[DATASET EXTRACT]
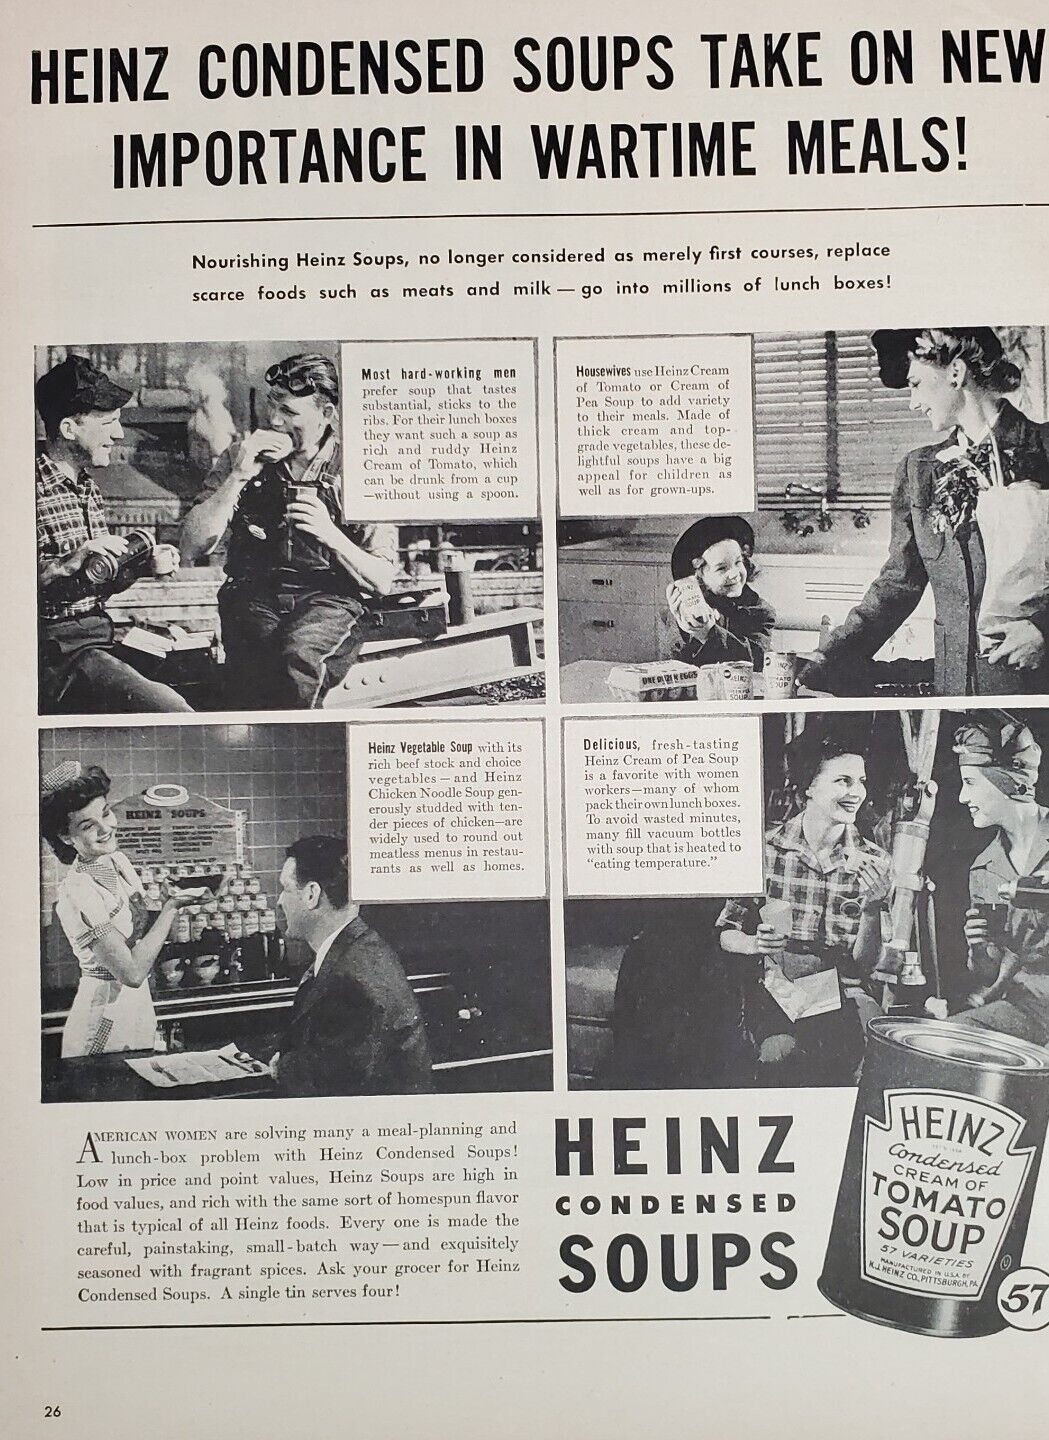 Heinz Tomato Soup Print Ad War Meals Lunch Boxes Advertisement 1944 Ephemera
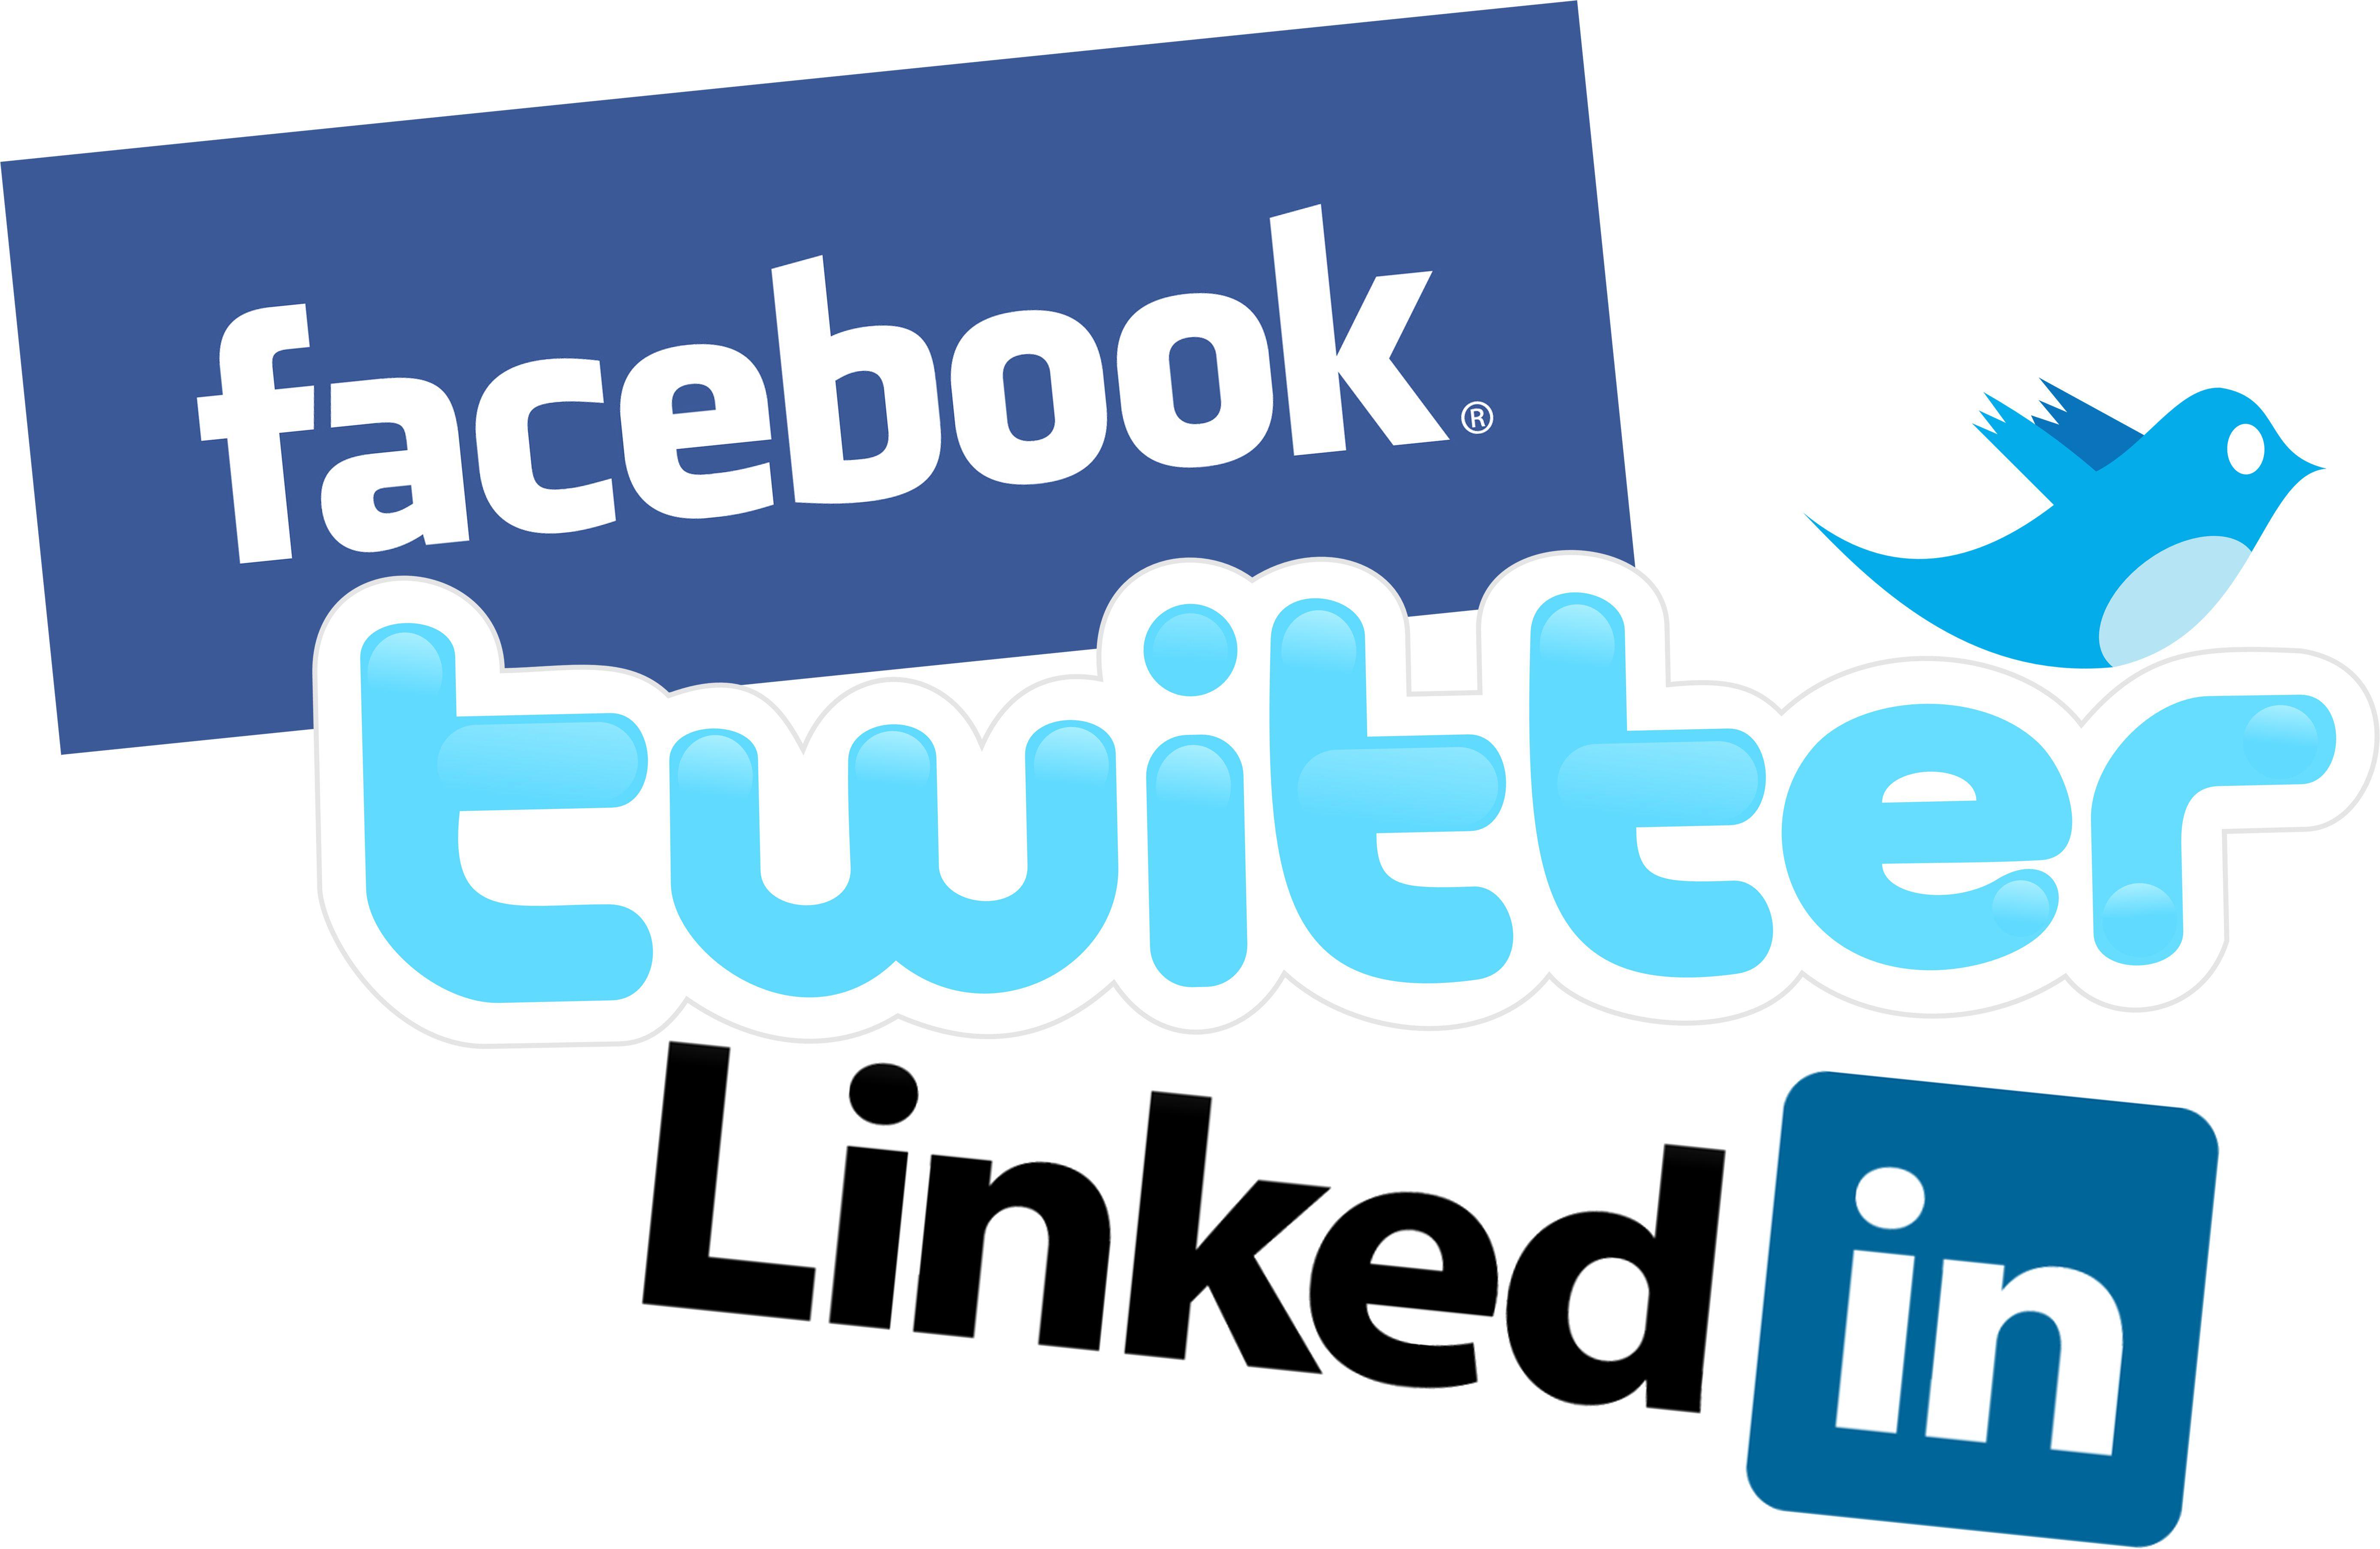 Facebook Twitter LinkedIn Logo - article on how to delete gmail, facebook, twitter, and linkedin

...

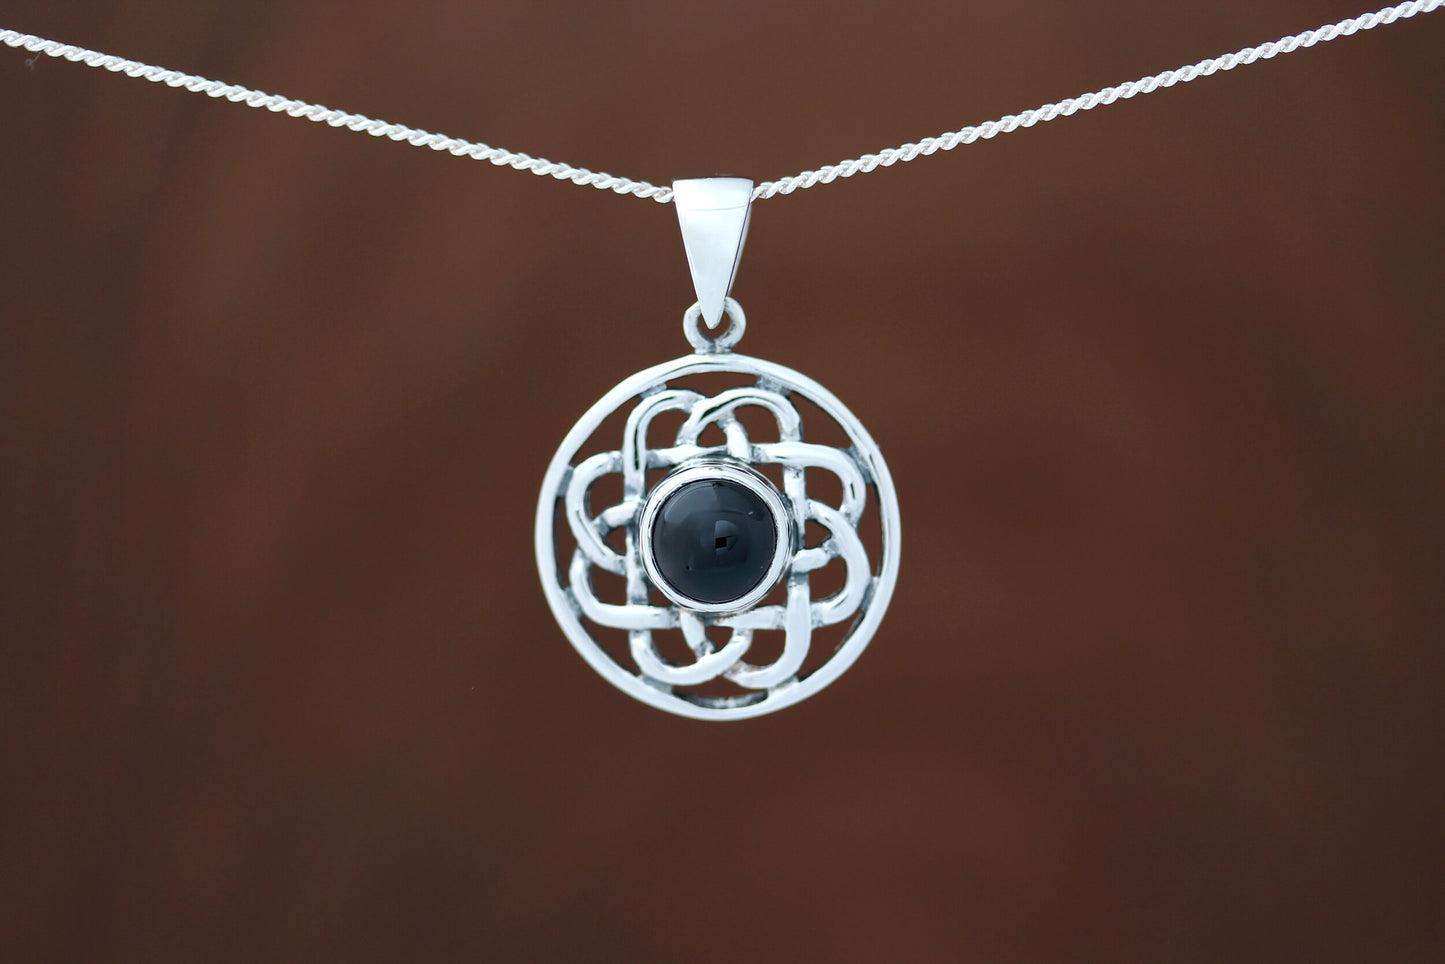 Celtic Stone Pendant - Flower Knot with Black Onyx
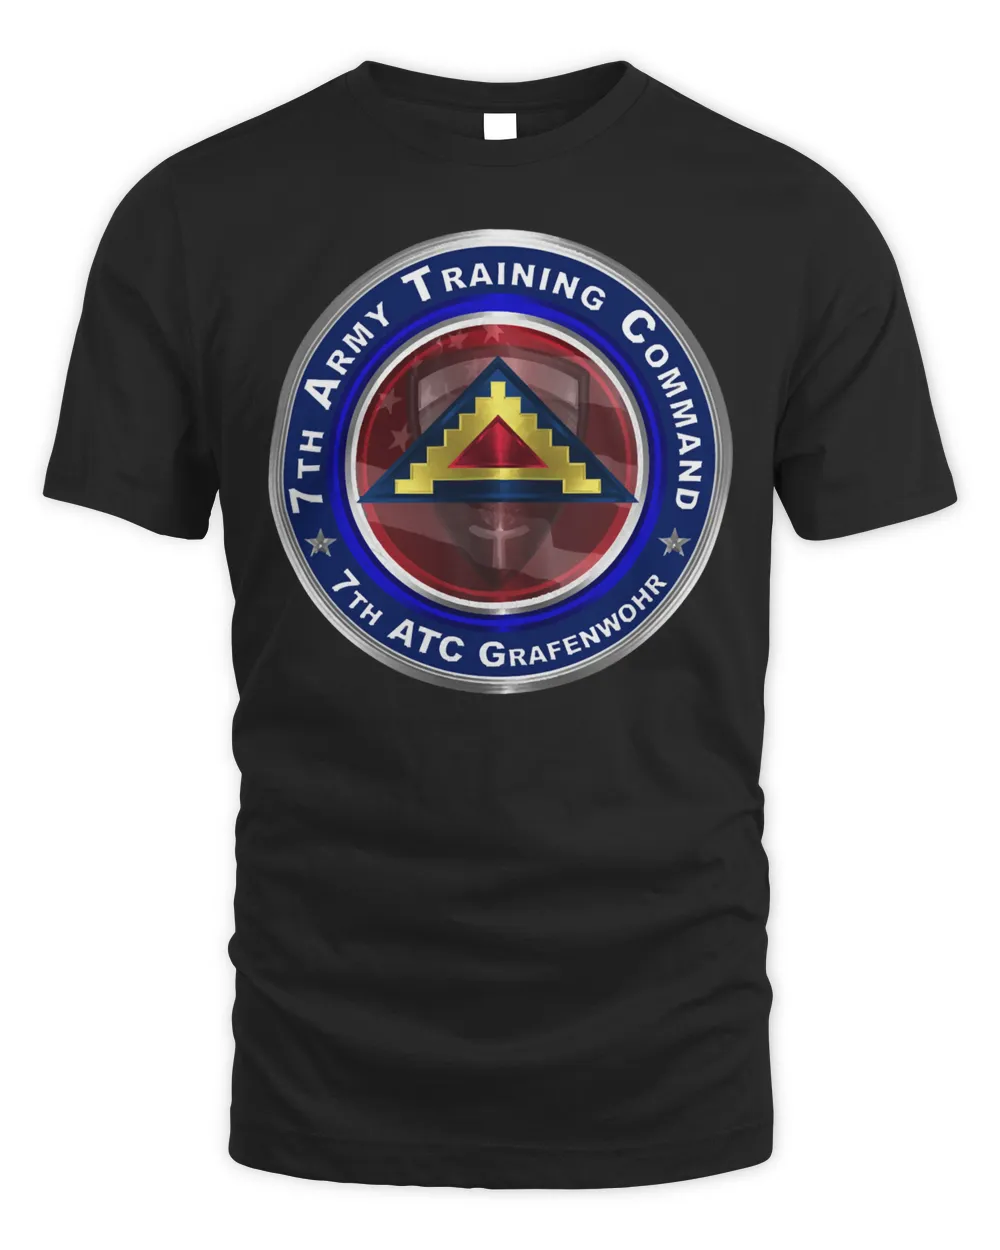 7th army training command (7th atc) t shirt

[HOW TO COMPLETE THIS TASK]
Using the material above, transcribe exactly the lines from the one holding "Heinz Tomato Soup" to the one holding "Facebook Twitter LinkedIn", both ends kept. Do not carry over any pictures.

[COMPLETED TASK]
 Heinz Tomato Soup Print Ad War Meals Lunch Boxes Advertisement 1944 Ephemera
 Facebook Twitter LinkedIn Logo - article on how to delete gmail, facebook, twitter, and linkedin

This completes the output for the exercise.